Violence experienced by expecting mothers detectable in the DNA of their grandchildren
In 1944 and 1945, during the Second World War, the Netherlands experienced a winter famine. Studies have revealed that the children of mothers who were pregnant during this period tended to be overweight and have lifestyle diseases. By contrast, the children of mothers who had been pregnant during the siege of Leningrad in the Second World War displayed none of these tendencies. One of the differences was that, after 1945, Holland developed into an affluent society with an abundance of food, while the Soviet Union did not. These Dutch children had been programmed to survive in a world of famine and few resources but were actually living in abundance.
This coding does not change within a generation. Experiments on animals provide evidence for these effects lasting several generations afterwards. Studies have also drawn the conclusion that epigenetic effects of the experiences of expecting human mothers can be observed in the DNA of their grandchildren. Further confirmation for this hypothesis has now been provided by clinical psychologist Professor Thomas Elbert and his team in Konstanz. Translational Psychiatry published the results of data collected by Dr Fernanda Serpeloni in Rio de Janeiro state, in a region with high levels of domestic and community violence. Dr Serpeloni works in the Clinical Psychology and Neuropsychology research group. The study focuses on finding evidence that experiencing massive violence during pregnancy influences the legibility of genes into the grandchildren's generation.
For her dissertation, Fernanda Serpeloni and specially trained colleagues took saliva samples from 386 people—grandmothers, their daughters and grandchildren. The grandmother and daughter generations were also asked about violence they had experienced in their partnerships and communities in the periods before, during and after their pregnancies.
A fifth of the grandmothers reported having experienced violence by their partners during the pregnancy, another fifth had experienced violence in their extended family and community and seven percent indicated having experienced both forms of stress during pregnancy.
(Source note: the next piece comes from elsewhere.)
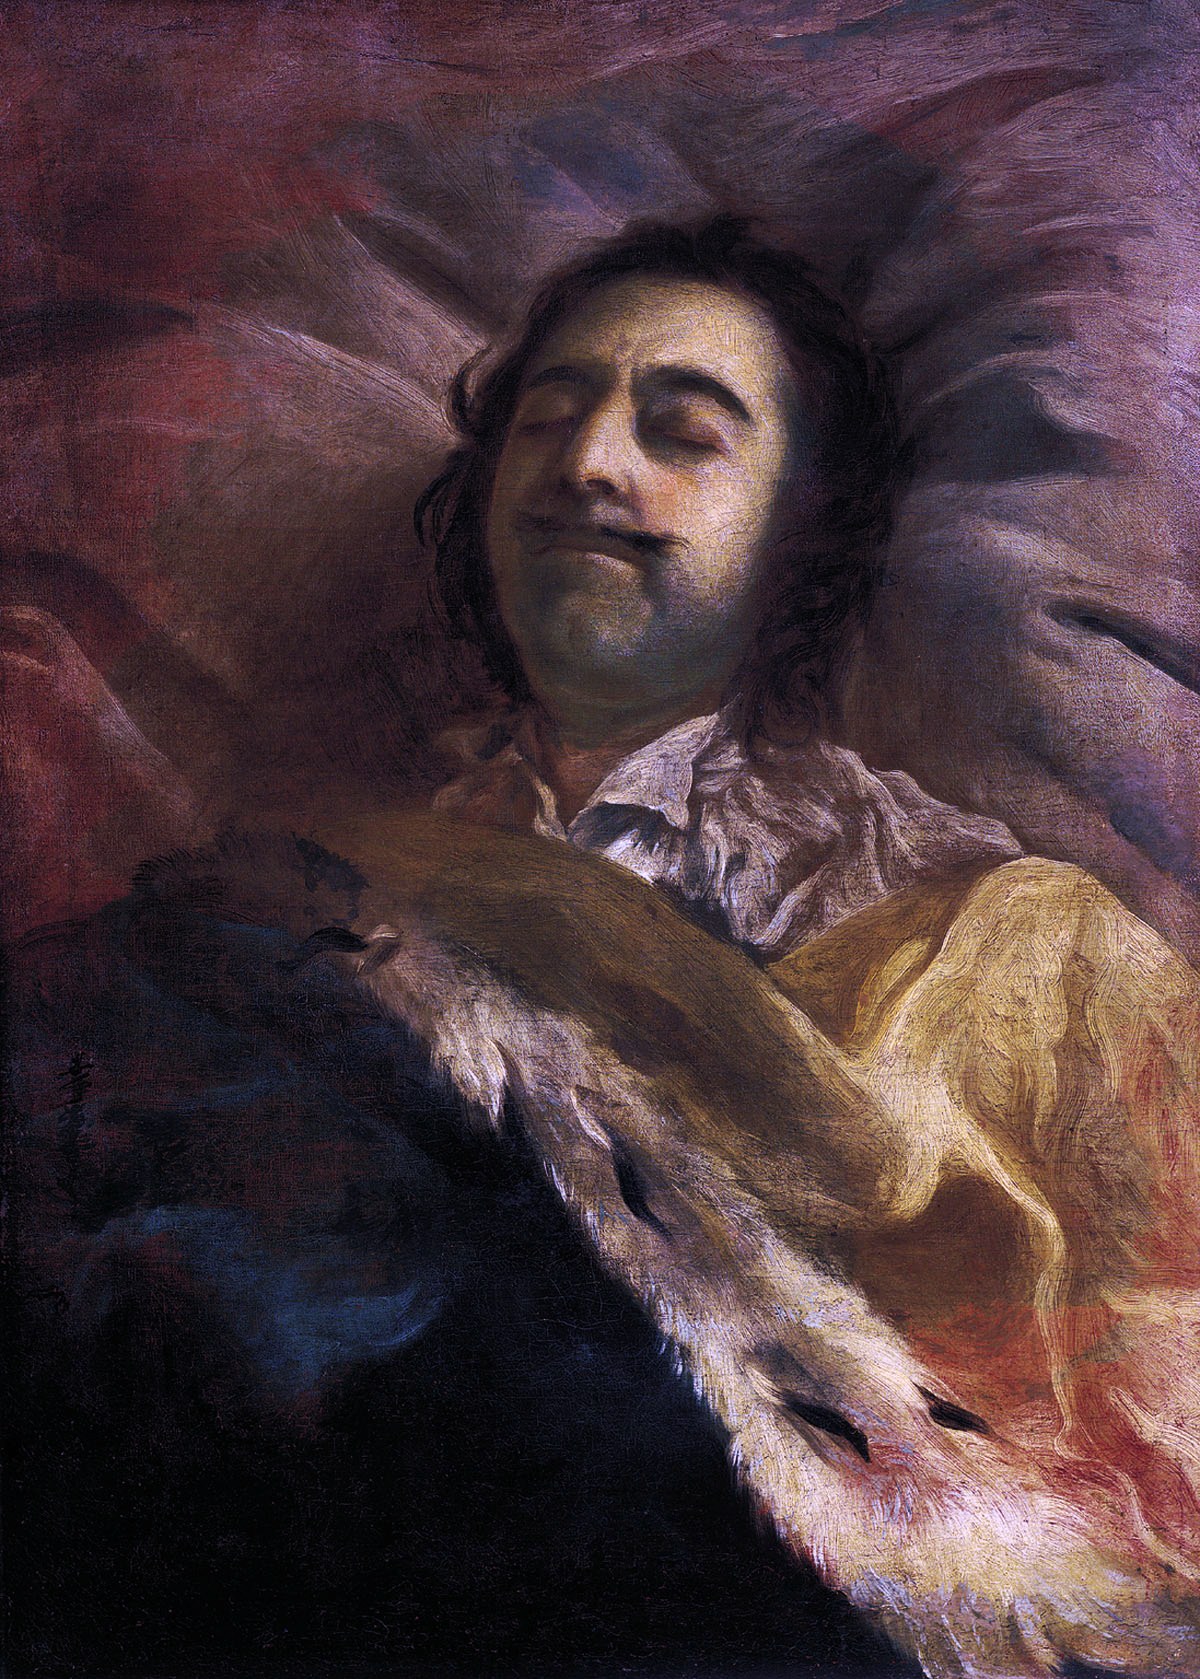 deathbed_portrait_of_peter_i_by_i_nikitin_1725_russian_museum.jpg

Based on the saliva samples, researchers were able to predict the grandchildren's DNA in five locations within genes involved in circulatory regulation—based on the violence experienced by the grandmothers while they were pregnant with the mothers of these children. "Our studies revealed that especially violence experienced during pregnancy leads to different methylations in children. This is the case, regardless of whether the violence was committed by the partner or in the community," Thomas Elbert concludes.
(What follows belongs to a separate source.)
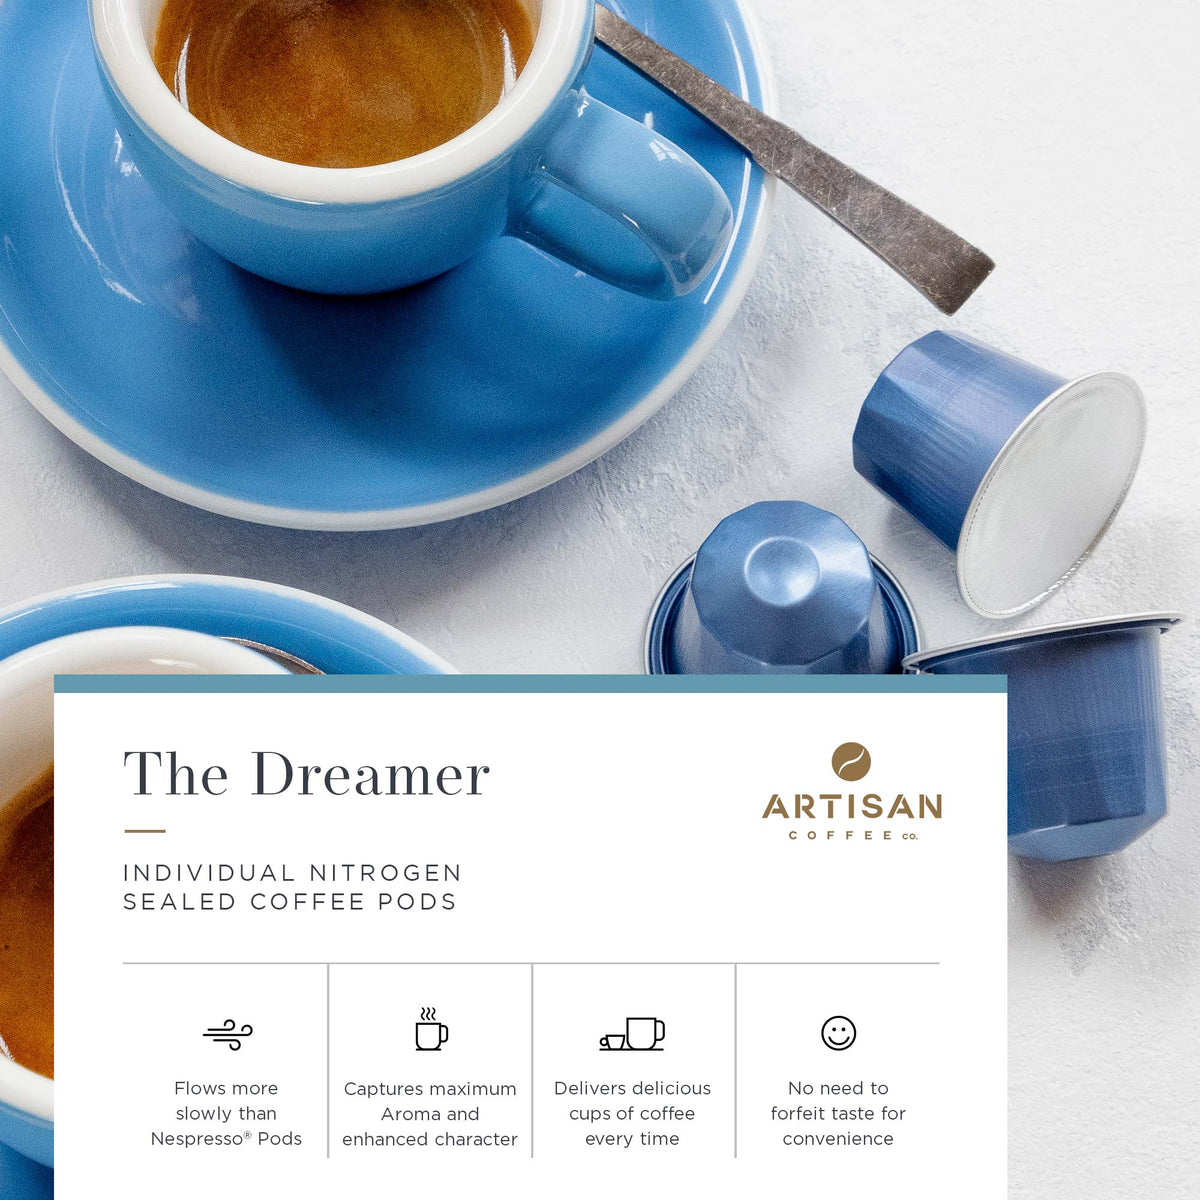 Artisan Coffee Co The Dreamer Pods Infographic Nitrogen sealed

DNA methylation describes the biological mechanism which connects certain DNA segments to a methyl group. This process is a reaction of the genome to the environment through which genes can be either activated or deactivated. It is an epigenetic mechanism, since the genetic sequence itself is not changed, but only the implementation of the genetic information, its legibility.
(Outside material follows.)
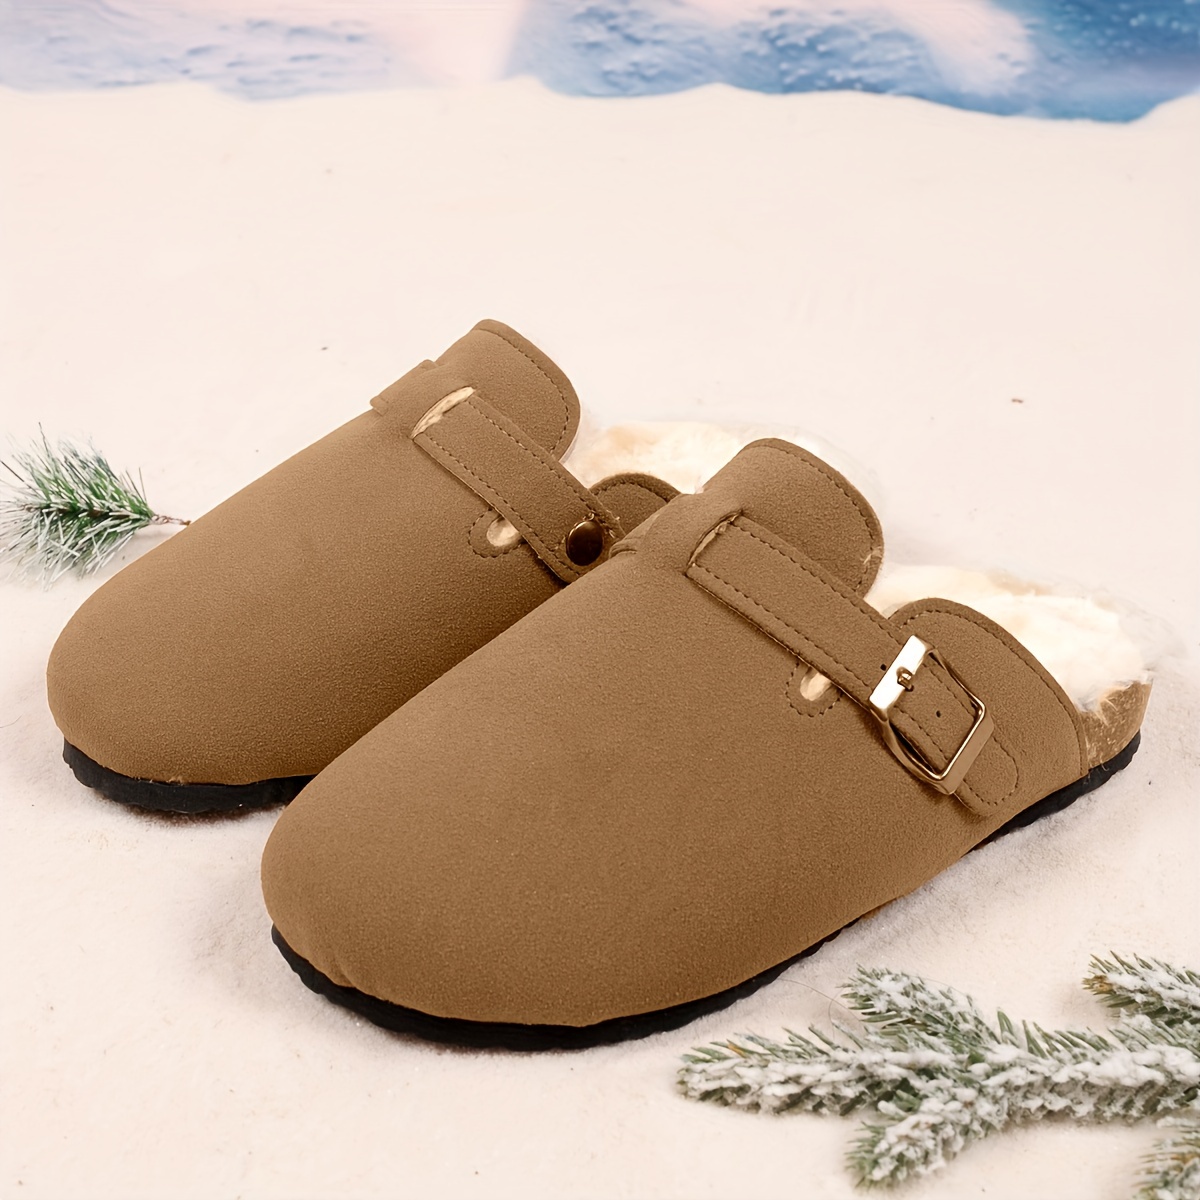 womens buckle strap detailed mules casual slip on plush lined shoes comfortable flat winter shoes details 5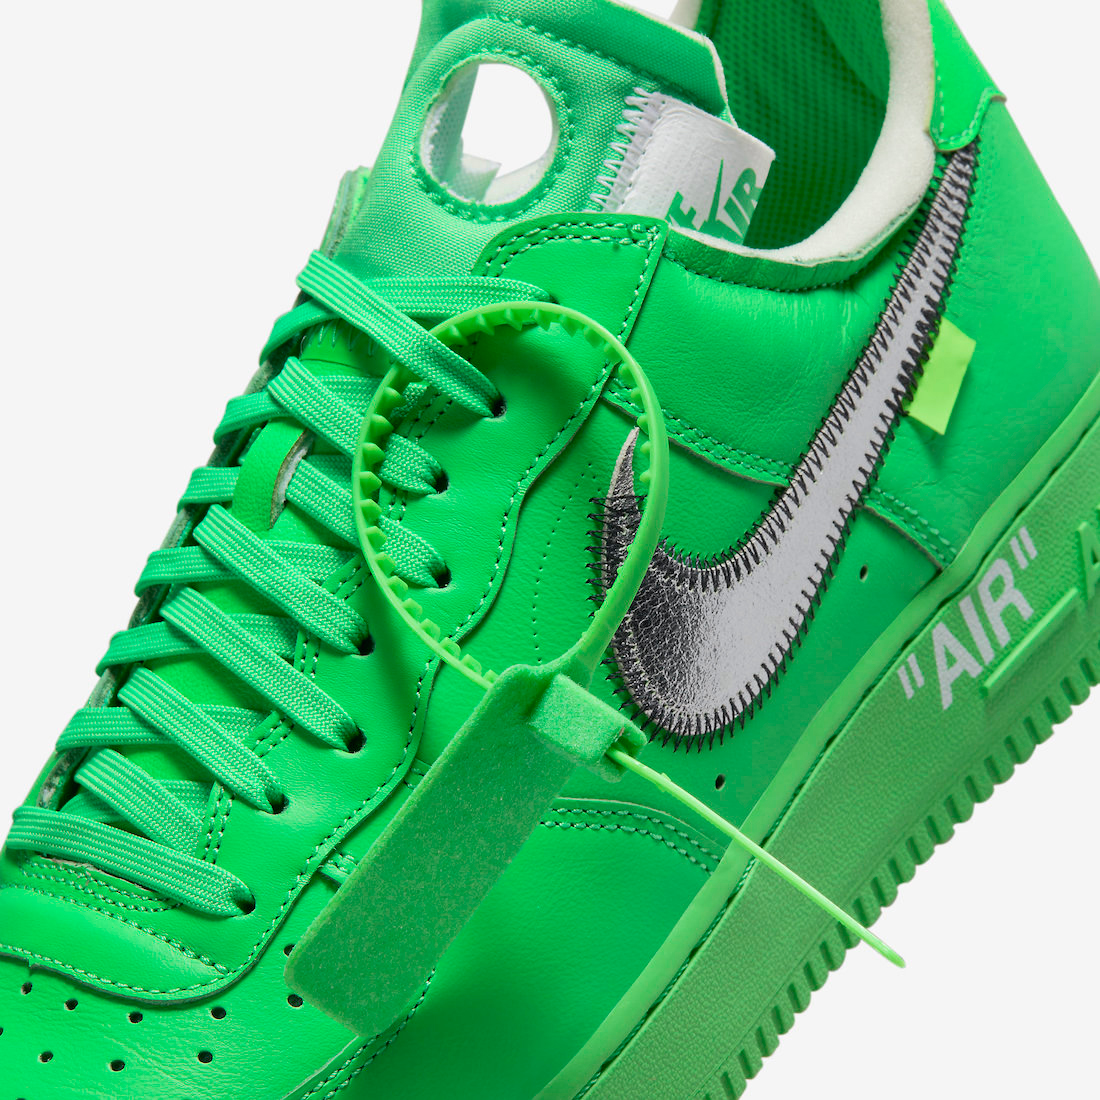 off-white-nike-air-force-1-brooklyn-light-green-spark-release-date-9

The study confirms the role DNA methylation plays in transferring stress from generation to generation. "Methylation patterns are supposed to make it easier to adapt to an environment," says Thomas Elbert. In this case, it suggests: children with the altered DNA methylation patterns might either become more fearful even to the point of depression or act more aggressively and not be very sensitive to others. "It is generally accepted that prenatal stress influences the development of the nervous system, psychological health and risk of psychiatric disorders" Thomas Elbert says. Prenatal DNA methylation patterns could be used as biomarkers in the future.